Part One of this article provided some background on screw compressors, then discussed the various components and capacity control methods. Part Two discusses maintenance of the screw compressor.

Maintenance

To ensure a full operating life from a compressor, preventive maintenance is absolutely essential. Because the compressor is mounted on a unit, operating conditions of the unit play a major role in the life of the compressor. Below is a list of preventive maintenance items dealing both with the compressor and the unit. First and foremost, always follow the manufacturer’s recommended maintenance schedule. However, the following recommendations can be applied to most systems.

Operating Logs

Recording the operating conditions every four hours or at least once per shift permits those responsible for the maintenance and servicing of the equipment to be constantly familiar with the operation of the system. Any deviation from the normal operating conditions is easily recognized and immediate steps can be made to correct the problem. A few typical areas to look for would be high or low discharge temperature, high or low oil temperature, low oil pressure, and high full load amp percentage.

Discharge Temperature

Lower than normal discharge temperatures could indicate liquid refrigerant carry-over or excessive liquid injection feed.

Higher than normal discharge temperatures could indicate an incorrect Vi (volume ratio) position, insufficient main oil supply, excessive suction line superheat, or an increase in the rotor end clearance.

Oil Temperature

Excessively high oil temperature can adversely affect the oil’s ability to supply proper lubrication.

If the oil temperature is too low, refrigerant may become entrained in the oil supply and enter into the bearing cavities.

An increase in full load amps while maintaining the same operating conditions could indicate a faulty bearing.

Rotor Thrust Measurement

Measuring the axial movement of the rotor can help determine the condition of the thrust bearing. By moving the rotor axially back and forth, and comparing that measurement with the “as built” measurement, excessive thrust bearing movement can be detected. Obviously, the drive rotor is easy to measure as it protrudes from the compressor; however, access to the non-drive rotor will require some disassembly of the compressor.

For compressors with anti-friction roller bearings for radial loads, clearance measurements can only be taken with a feeler gauge between the inner race and the top roller element. Do not pry the rotor up and down. Excessive radial movement of the rotor shaft could result in damage to the bearings.

Oil Analysis

The use of the correct oil in a compressor is essential for long-term operation. Ensuring that the oil quality is in line with the manufacturer’s recommendations is equally important. Conducting oil analyses in scheduled intervals allows the operator to know the condition of the oil and when it is time to change the oil. An oil analysis should look for viscosity, moisture, wear metals, particle count, and on certain refrigerants, total acid number. Consult the compressor manufacturer for testing lab recommendations. It is important to have a testing laboratory that is knowledgeable about refrigeration oils.

Vibration Analysis

Vibration analysis is a highly accurate and effective method to monitor the condition of anti-friction bearings. A quality vibration program, monitoring compressors with anti-friction bearings, can give advance warning of bearing defects long before a complete failure.
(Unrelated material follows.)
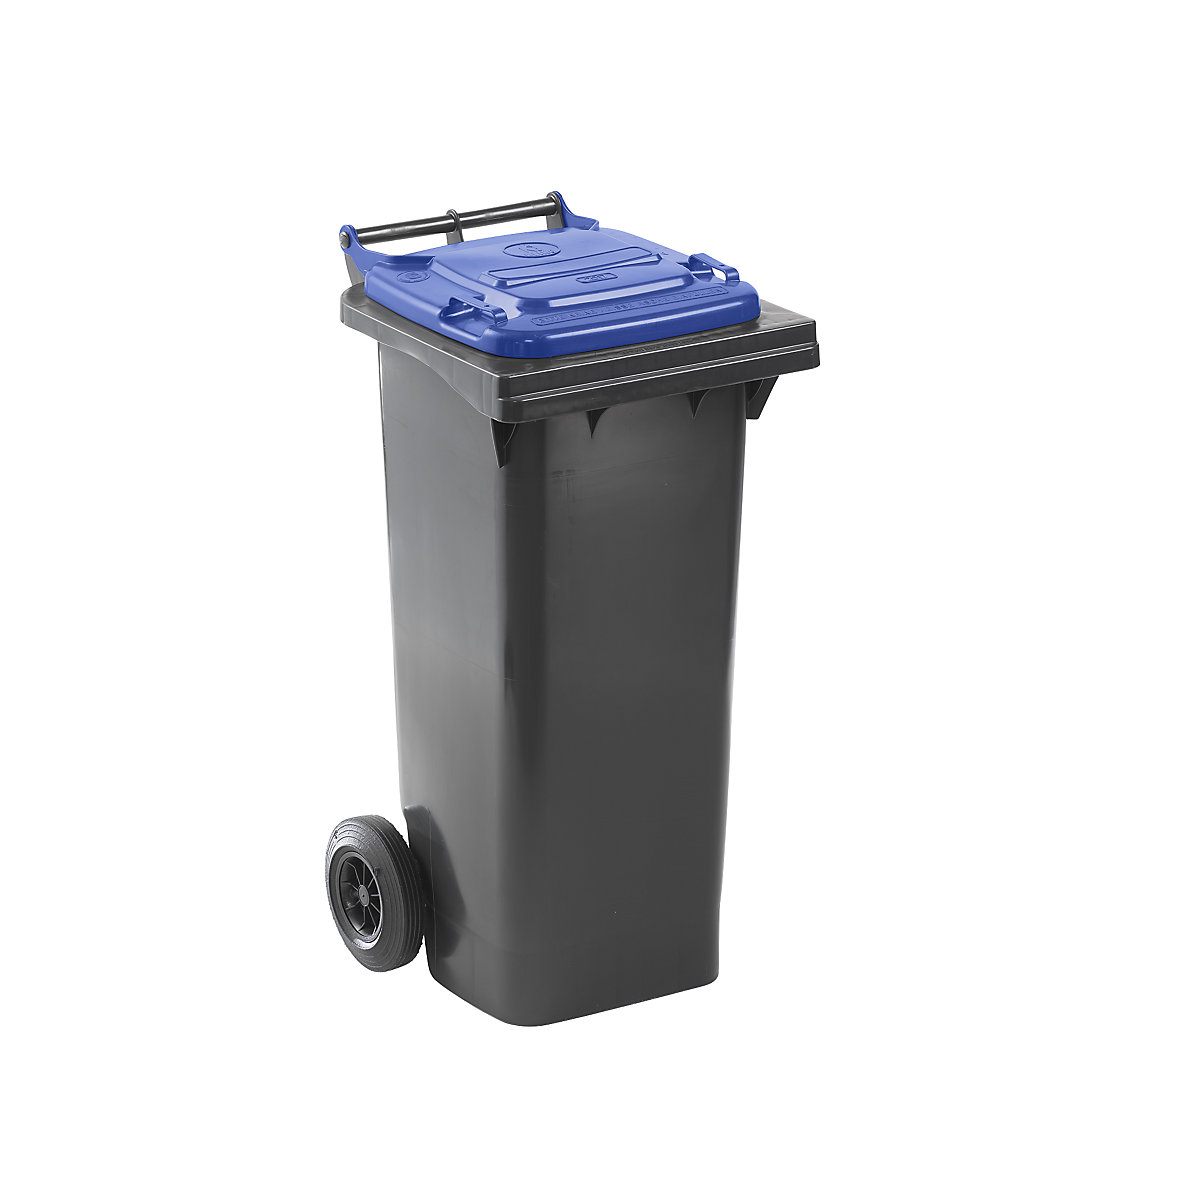 Contentor de lixo conforme a norma DIN EN 840, capacidade 80 l, LxAxP 448 x 975 x 530 mm, antracite, tampa azul

Vibration analysis can also eliminate the need for periodic teardown inspections that are typically based on hours. It is important that the person taking the readings is familiar with the bearings and the operation of the compressor.

Being Familiar With The Compressor

Not all companies can financially afford the benefits of oil or vibration analysis programs. In this case, a trained operator can become familiar with their compressor to the point that changes in sound levels and pitches can alert them to a problem.

Remember that preventive maintenance is proactive and can save both time and money.

Servicing

Minor repair: This is usually defined as work performed on the compressor while it’s still mounted on the unit. Typical minor repair items would consist of replacing the slide valve and slide stop potentiometers, slide valve piston seal ring, and miscellaneous O-rings. High on the list of minor repairs would be replacing the shaft seal. Compressor manufacturers attempt to install reliable and durable shaft seals; however, the most durable shaft seal will have to be replaced eventually. A shaft seal, like bearings, is designed with a particular compressor and application in mind. It is important to consult the compressor manufacturer for the correct shaft seal.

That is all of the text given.